= Riverside Golf Club =

Private golf club located in North Riverside, Illinois

Riverside Golf Club is a private golf club located in North Riverside, Illinois, a near west suburb of Chicago, Illinois.

== History ==
Founded in 1893, Riverside Golf Club is one of the oldest golf clubs in the United States and was one of pioneering western clubs during the late 19th century. The original course was laid out in 1893 and the club was incorporated in 1897. The golf course straddles the banks of the Des Plaines River between Cermak Road and 26th Street. Though the course has changed and expanded over the years it is still located on substantially the same plot of land as in 1893. In 1899 the club was a founding member of the Western Golf Association.

Albert Seckel was Riverside's leading player during its early years, playing in numerous national tournaments. His most important win came at the 1911 Western Amateur contested at Detroit Golf Club. He also finished as runner-up in this event in 1909 and 1924.

In the late 1950s the club resisted and overcame a takeover attempt by the University of Illinois at Chicago where the school sought to relocate its campus from Navy Pier to the club's property.

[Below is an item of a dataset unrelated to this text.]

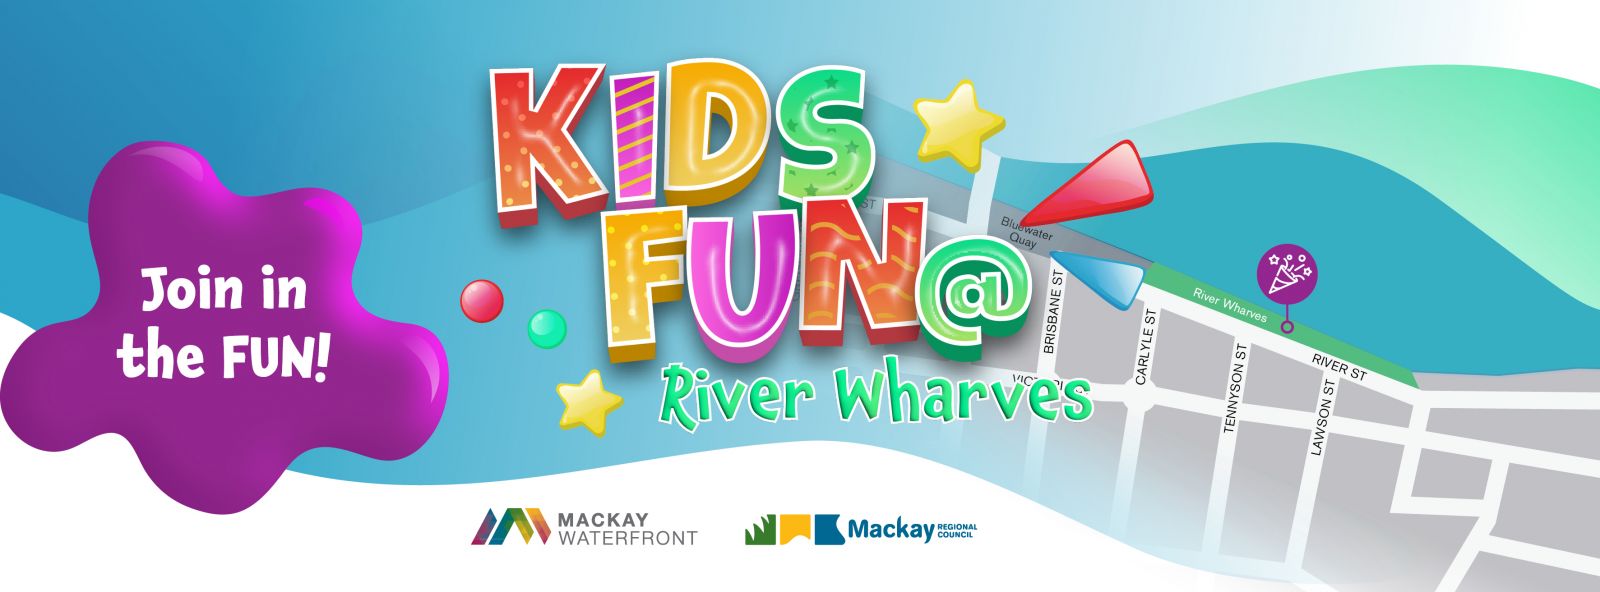 Kids Fun at River Wharves banner image

The club was basis for the Mac Divot comic strip that was published in the 1960s and 1970s. Mac Divot was created by a member who worked for the Chicago Tribune. Many of the stories in the comic strip were based on real life characters and happenings at the club.

Riverside was a founding member of the Western Golf Association and is an active supporter of the Evans Scholarship Program, having given out 121 scholarships to caddies.

== Golf course ==
The original golf course consisted of 3 holes and was expanded to 5 holes later during the 1893 season. A nine-hole course was laid out by founding members William A. Havemeyer, J.S. Driver, and Thomas C. Hannah in 1894. Between 1896 and 1897 the course was expanded and revised, but remained a nine-hole track, and became known as one of the most beautiful and challenging in the west. As of 1901, the course played to a yardage of 3,217 yards with a bogey rating of 43.

In the early 1900s many clubs expanded their golf courses to 18 holes but Riverside did not follow suit. This caused the club to fall off the map a bit in terms of prestige and notoriety as it remained a 9-hole course. In the late teens the club purchased additional land adjacent to its original property, on the opposite side (east) of the Des Plaines River. The club built a new clubhouse on the river bank of the newly acquired land. In 1917-1919 William Langford designed a new 18 hole course, reshaping Riverside as one of the top courses in the area. Riverside was possibly one of Langford's first architectural works as it is attributed only to him and not his later partnership known as "Langford and Moreau".

During the 1980s the club secured an additional 25 acres of land east of the Des Plaines River and south of the rail line. Four new holes were added on this newly acquired tract which were designed by Dick Nugent and Associates. After these holes were completed 3 holes east of the clubhouse were removed and replaced by a practice facility and new 18th hole. The practice area and 18th hole were designed by Bob Lohmann. The course remained relatively unchanged during the 1990s through 2015.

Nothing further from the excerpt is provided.